American Airlines will receive $5.8 billion in government aid to pay its employees as the airline announced on April 14th. Amid a sharp decline in profits and revenue, the airline joined a coalition of others to seek government aid. Now, after the passage of the Coronavirus Aid, Relief, and Economic Security (CARES) Act, American Airlines will receive funds to pay its employees.
$5.8 billion heading American’s way
The money will be split into two pools. $4.1 billion will come in the form of a direct grant from the federal government. Meanwhile, the other $1.7 billion will come in the form of a low-interest loan. American will outline additional terms of the funding when it files an update with the Securities and Exchange Commission.
American Airlines will use the money to support the salaries and benefits the airline provides to its employees. With this Payroll Support Program (PSP) grant, American’s employees will not face involuntary furloughs or pay reductions through at least September 30, 2020.
American Airlines Chairman and CEO, Doug Parker, offered the following statement:
“The Payroll Support Program recognizes the extraordinary dedication of our entire team, and importantly, sustains the critical air service being provided by our frontline team members”
He went further to commend legislators, federal officials and American’s employees and their unions. At the end of the statement, Doug Parker also added the following:
“The support our government has entrusted to us carries immense responsibility and an obligation that American Airlines is privileged to undertake. We recognize the importance of our service as evidenced by the customers who continue to fly today for important reasons, including medical professionals getting to where they are most needed and family members getting to where they feel most safe. It is our privilege to continue flying through the downturn and to be in a ready position as our country and the world return to the skies”
Limiting controversial practices
One of the major controversies with providing assistance to airlines were stock buybacks, dividends, and large paychecks for airline executives.
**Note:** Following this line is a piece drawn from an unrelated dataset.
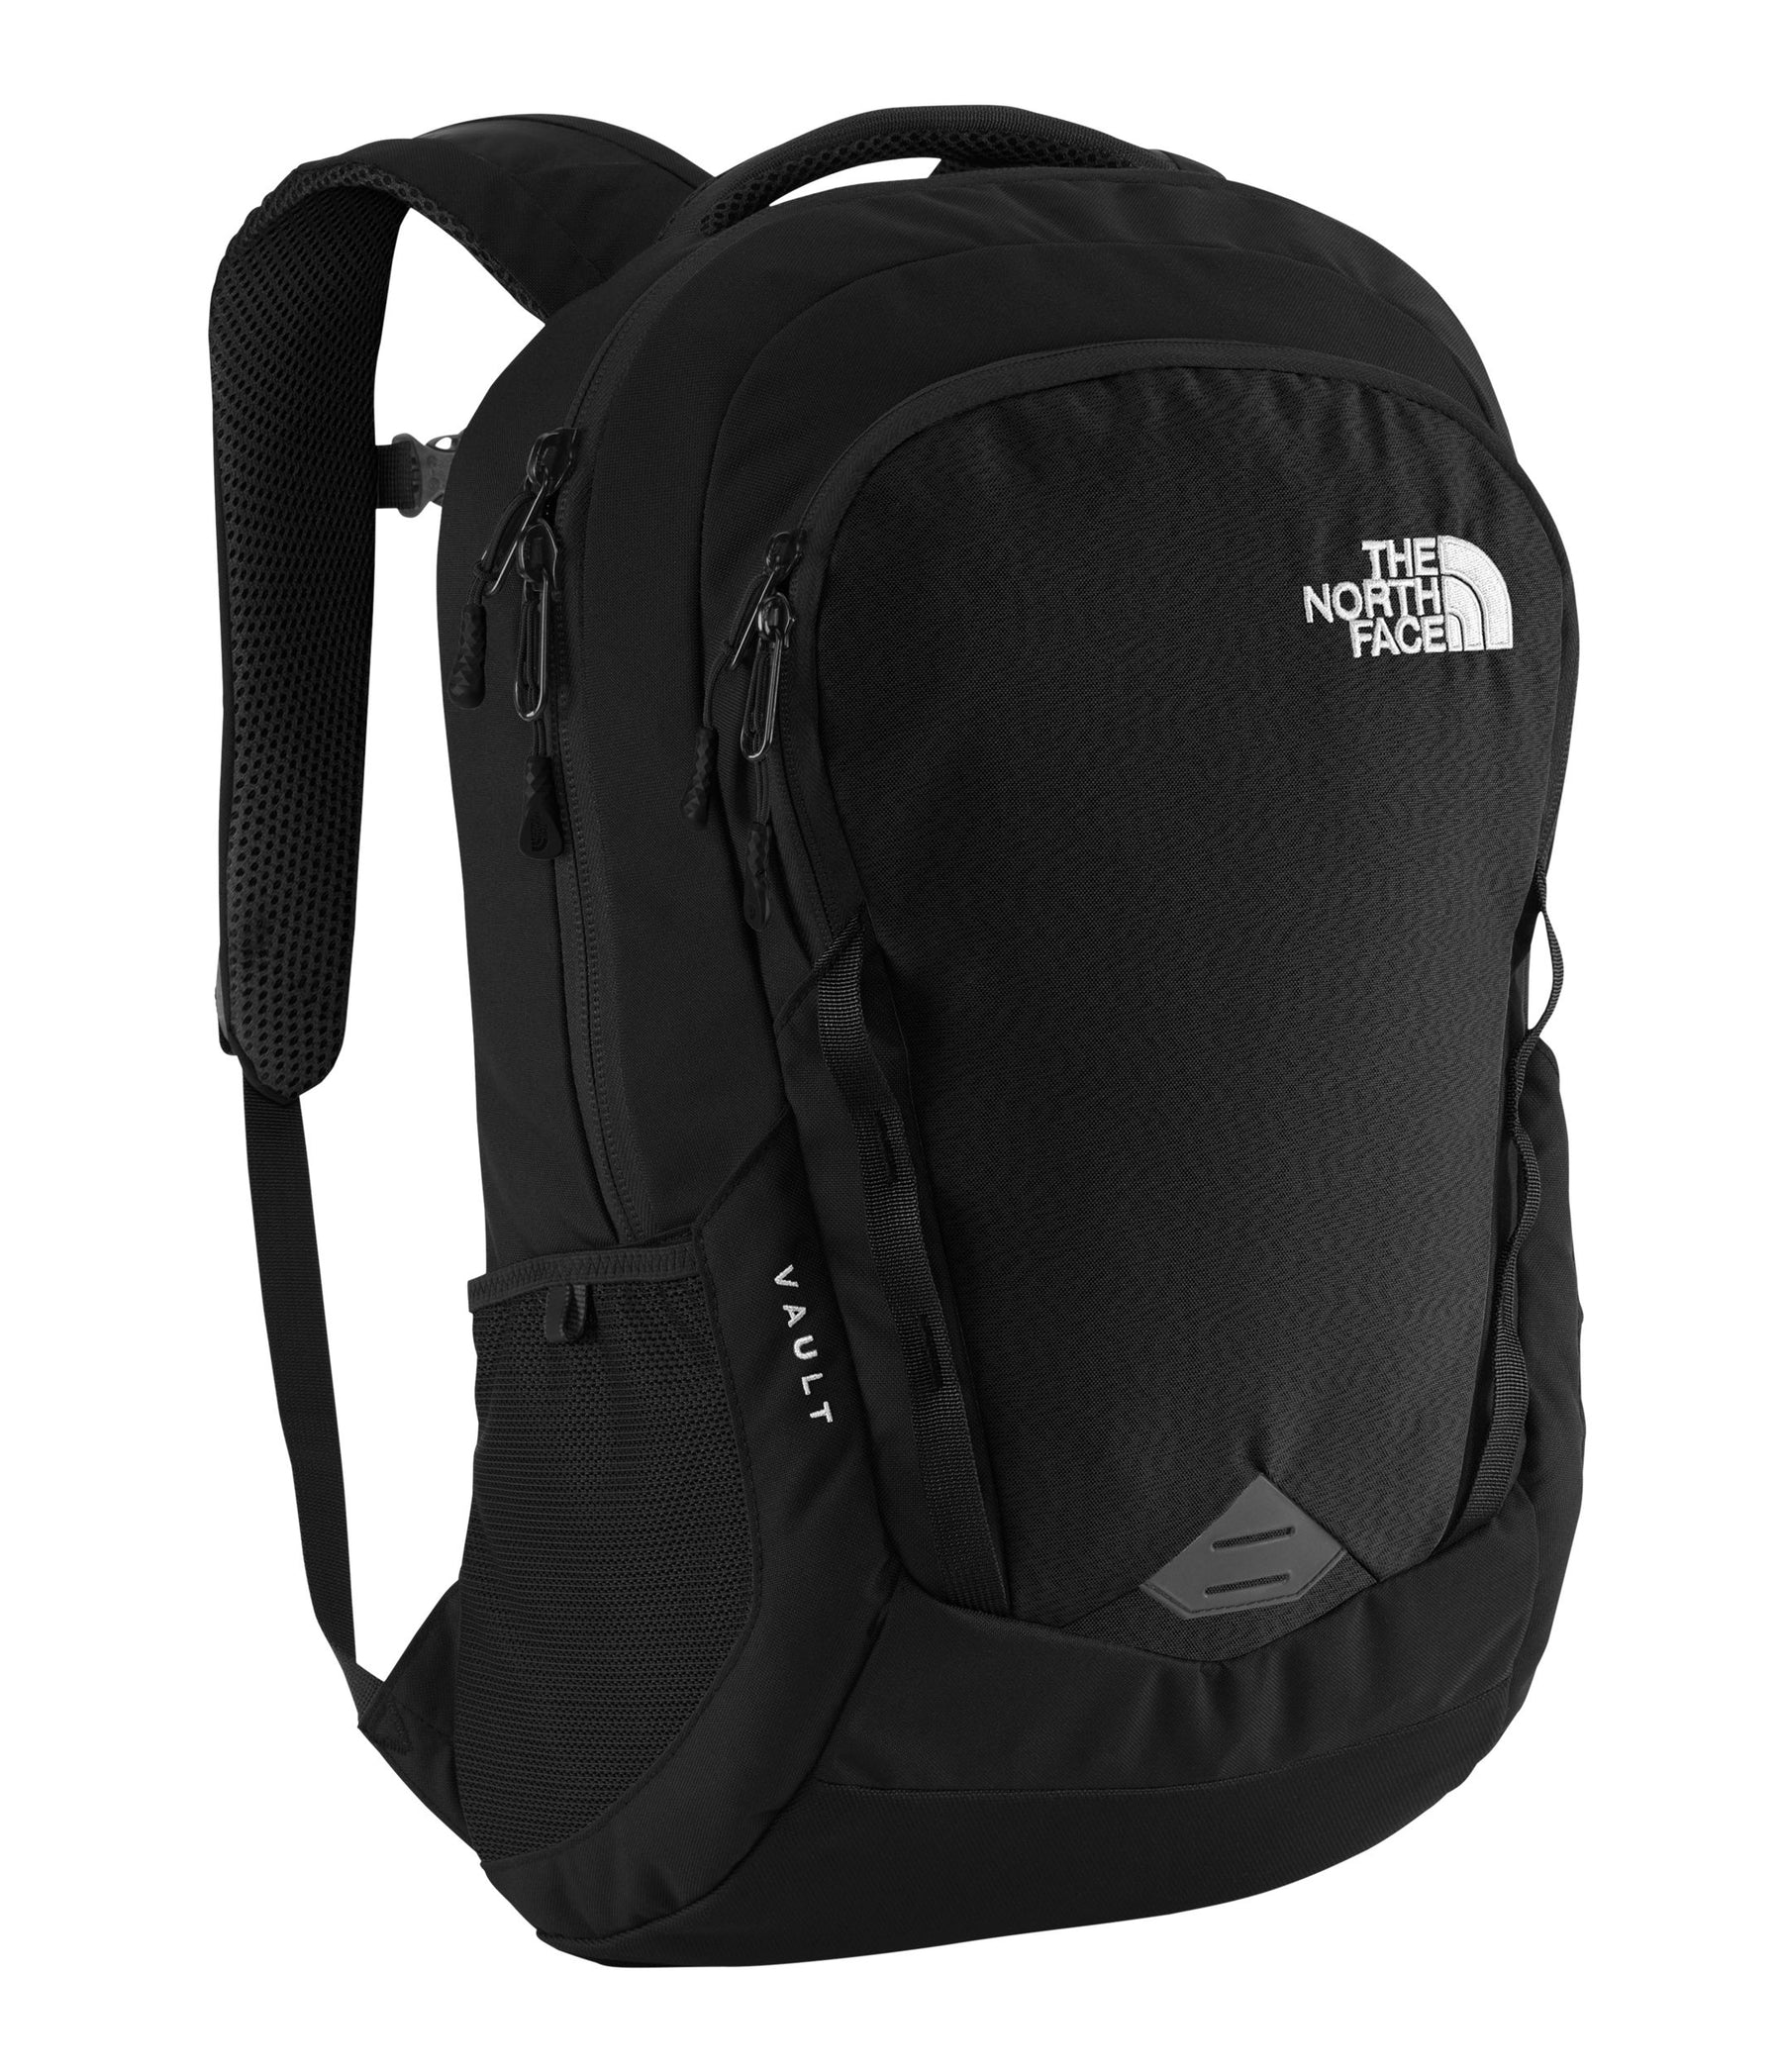 Backpacks Tagged "The North Face" - Outdoors Oriented
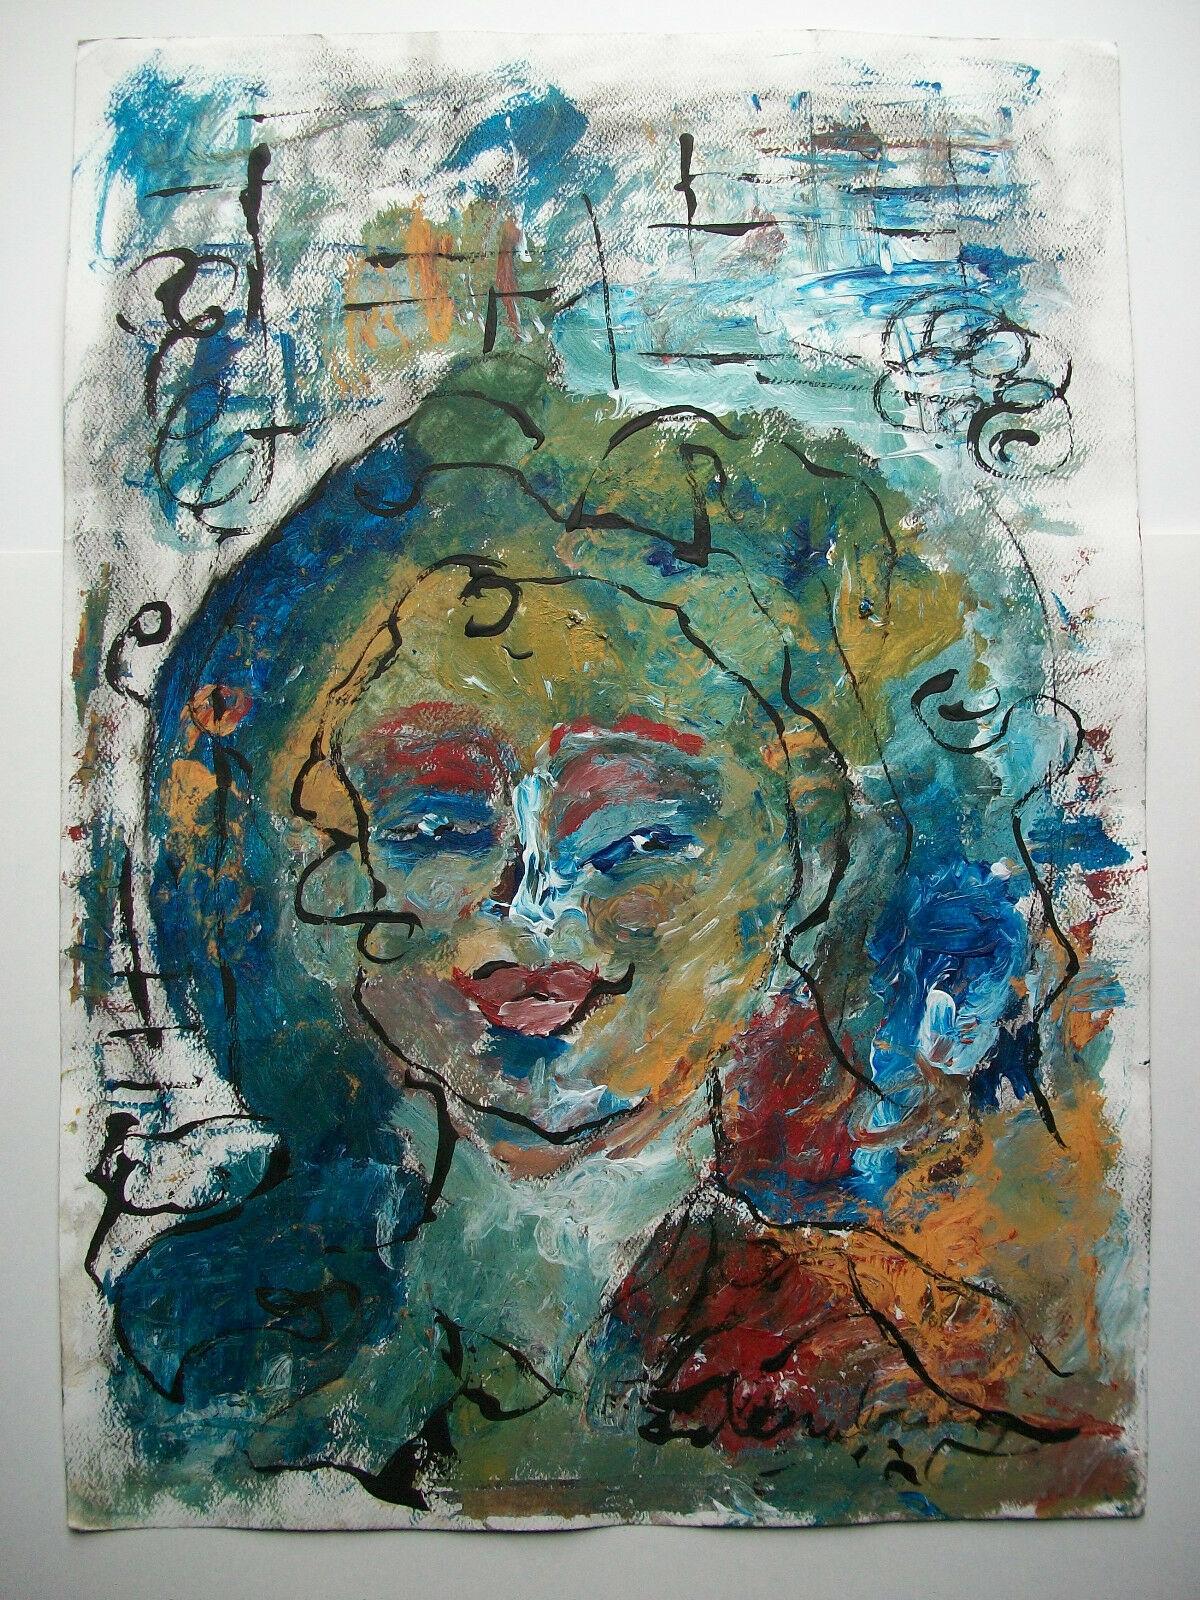 Sheila Denaburg, Contemporary Mixed Media Painting, Signed, Canada, C. 2011 For Sale 3

These issues are not unique to American Airlines. In receiving this aid, American has agreed to limit all of the aforementioned practices. Further details will be available in the filing.
Another loan for $4.75 billion
The Dallas-based carrier also announced that it will apply for a loan of $4.75 billion from the United States Treasury. This loan has not yet been finalized. American will need to apply and, likely, negotiate the terms of this loan.
The airline does continue to fly to a number of destinations. However, with low fares and empty aircraft, the carrier is not turning the profits that it did at the same time last year. As a result, the carrier will need additional funding.
Maintaining minimum service
Airlines that receive government assistance under the CARES Act must maintain a minimum amount of domestic service. For destinations that are served by the airline for at least 25 times per week, the airline must continue to fly five times per week. For destinations served between five and 25 times per week, the airline only needs to fly at least three weekly flights to that destination. If a carrier flies to a destination fewer than five days a week, airlines must serve the destination with at least one flight on one day per week.
For a carrier like American with a major hub-and-spoke model, the Department of Transportation offered a little more reprieve for the airline. Cities served from multiple hubs only need to be serviced from at least one of those hubs so long as the carrier can continue to maintain minimum frequencies.
Airlines cannot cooperate on flights, however. Each carrier must serve its destinations in accordance with minimum service requirements. Regional carriers operating on behalf of the airline can help meet these requirements.
In terms of flight schedules, airlines can choose to either follow minimum service requirements based on their winter 2020 schedule or summer schedule from 2019. For places where service had ceased after March 1st, airlines will need to reinstate service within seven business days of receiving government assistance from the CARES Act.
When American expects air travel demand to recover
American Airlines has provided a few different hints as to when it expects air travel demand to recover. First, in this announcement, American provided a forward-looking statement indicating that it “hopes” that air travel demand recovers by September 30th.
Second, American Airlines has altered its elite status thresholds for 2020 by significantly reducing requirements. This makes status previously attainable in a year to be attainable in around six months. Thus, it appears that American expects demand to start to recover from early-summer. However, the coronavirus and governments will have a major hand in terms of how that schedule plays out.
In addition, American has cut 60% of its international summer capacity. This is indicative of the airline anticipating a gradual return in travel demand. However, the carrier will not be launching a number of new services this year. Instead, those will fly in 2021.
American Airlines has announced that it will receive $5.8 billion in assistance from the federal government amid this industry-altering and unprecedented coronavirus pandemic. In addition, the carrier will seek a loan for a further $4.75 billion from the US Treasury. Further details of the financing will be available in the coming days. For now, American stated that employees will not face involuntary furloughs or pay cuts through at least September 30th. Suffice it to say, if demand does not recover by the fall, then airlines will be in big trouble.